Thank you for the help!

Thoughts about Option.get

I think we should not use Option.get in our code. When the object in question is None, the error message is a cryptic NoSuchElementException: None.get. Instead, we should use Option.getOrElse(throw new Exception(exceptionMsg)) so that it is easier to discover where and why the object was None in the first place.

Do we have any spark scala syntax to read edi files into data frame

could you help me to read ASC X12 electronic data interchange (EDI) file in spark with scala. Any examples.

Encourage to use `==` instead of `===` for writing unit tests.

FunSuite provides === for comparison. I see == and === are used in a mixed way across unit tests. It might be great if this is encouraged documented.
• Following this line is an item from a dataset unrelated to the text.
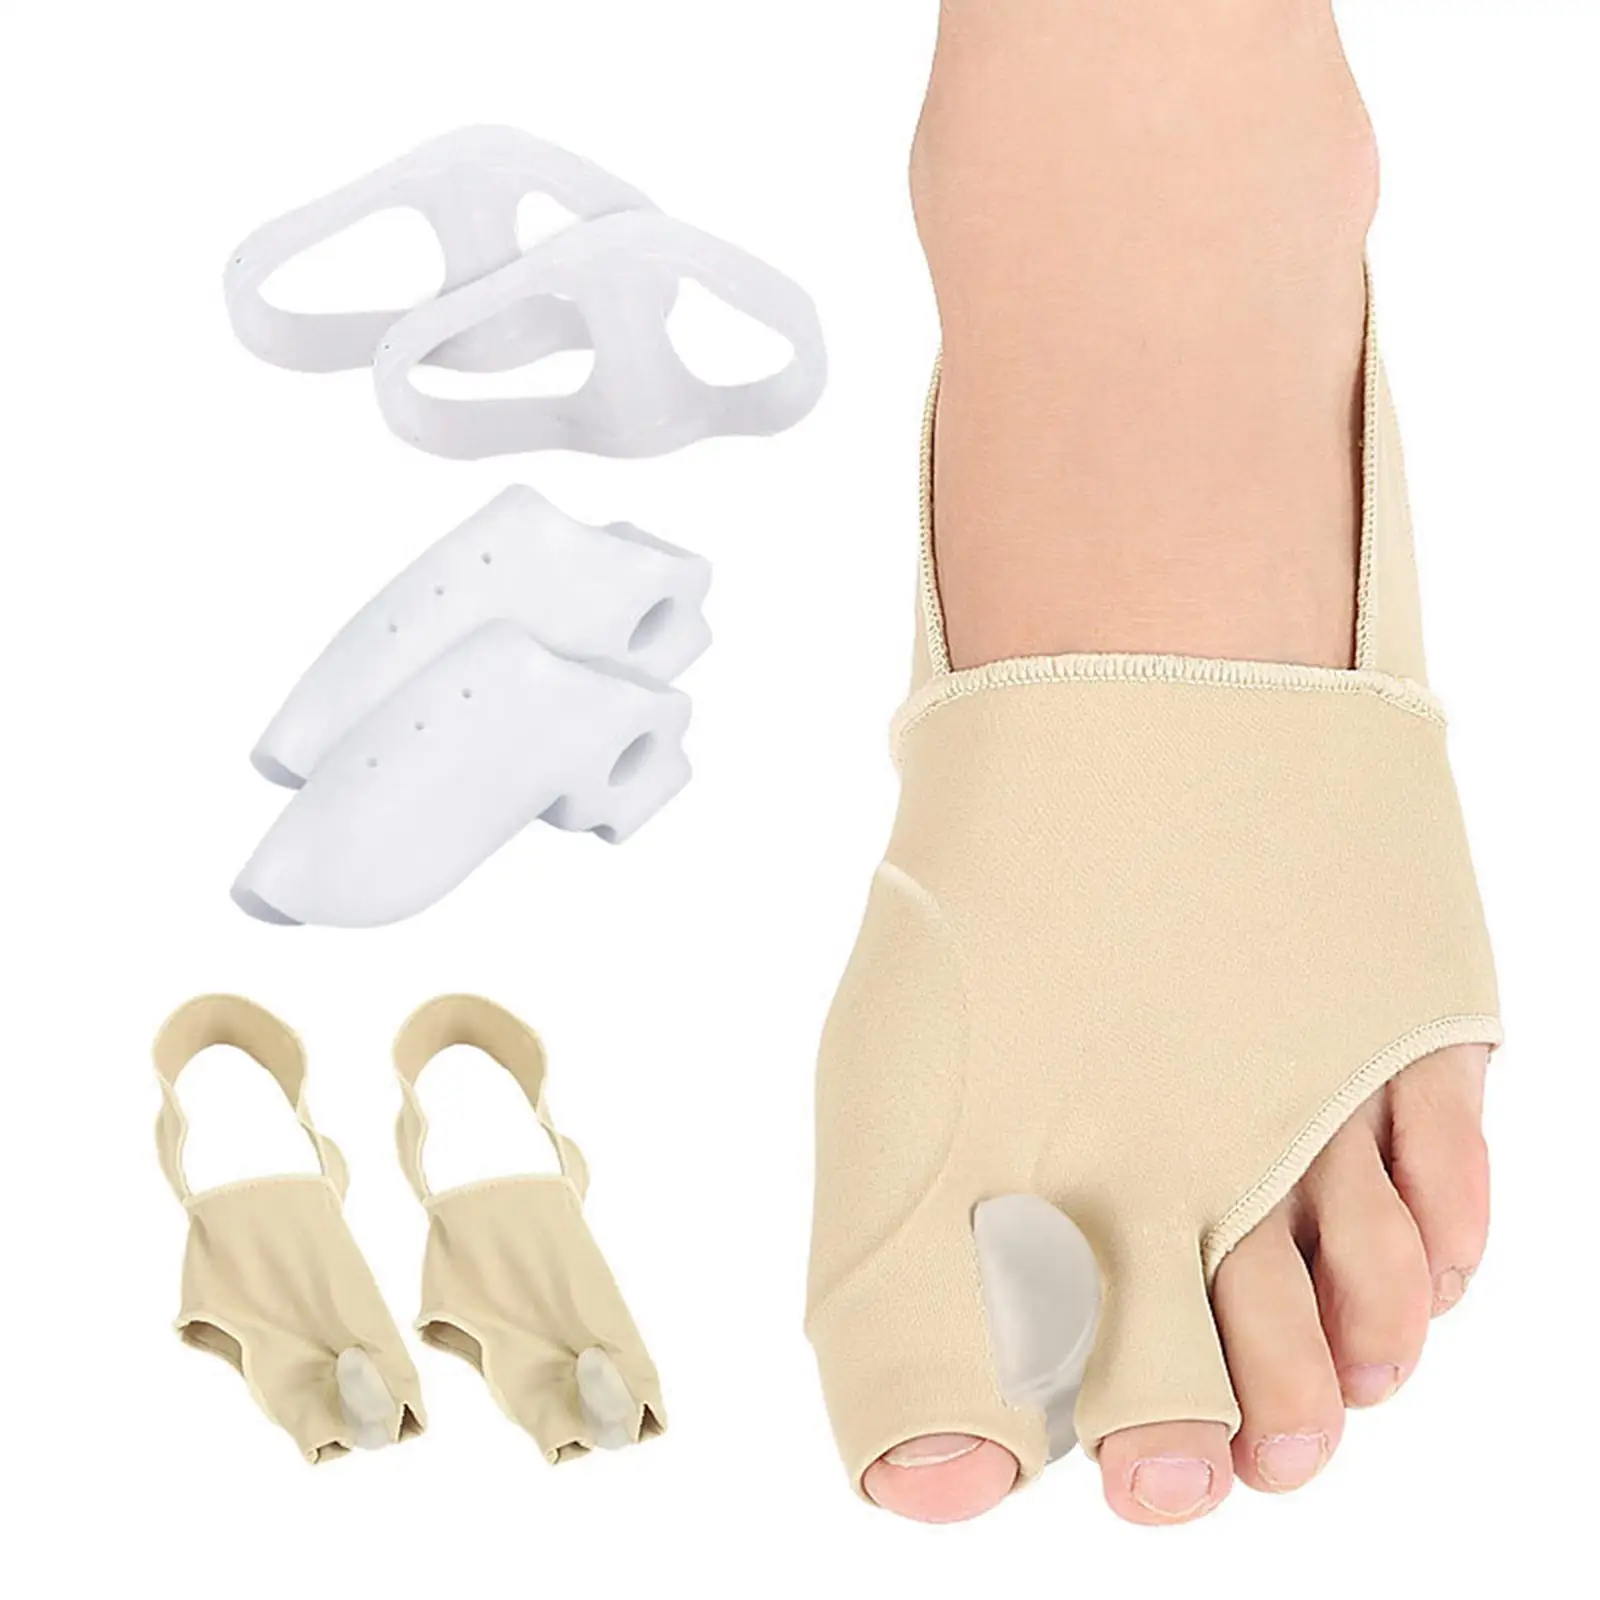 Bunion Corrector Kit Soft Bunion Guard Hallux Valgus Correction Feet Care Tool Day Night Support Orthopedic Bunion Pads Care Set

See http://www.scalatest.org/getting_started_with_fun_suite

ScalaTest lets you use Scala's assertion syntax, but defines a triple equals operator (===) to give you better error messages. The following code would give you an error indicating only that an assertion failed:

assert(1 == 2)
Using triple equals instead would give you the more informative error message, "1 did not equal 2":

assert(1 === 2)

Synchronized definitions which exceed 100 columns

Consider the first line of an implementation method like this:

                                                                                                    | <- 100 columns
  override def moveObject(audit: AuditInfo, source: String, destination: String): Unit = synchronized {

Is the appropriate style to change this to something like

                                                                                                    | <- 100 columns
  override def moveObject(audit: AuditInfo, source: String, destination: String): Unit = {
    synchronized {

                                                                                                    | <- 100 columns
  override def moveObject(audit: AuditInfo, source: String, destination: String): Unit =
    synchronized {

If we remove the outermost block, the inner indentation level will be one stop closer to the left margin.

Can we add our standard to this doc?

E.g.:

For method and class definitions,
- If they fit on 1 line, put everything on 1 line.
- For multi-line definitions, put 1 argument per line.
For method and class constructor invocations,
- If they fit on 1 line, put everything on 1 line.
- For multi-line calls, put (multiple arguments per line) or (1 argument per line)?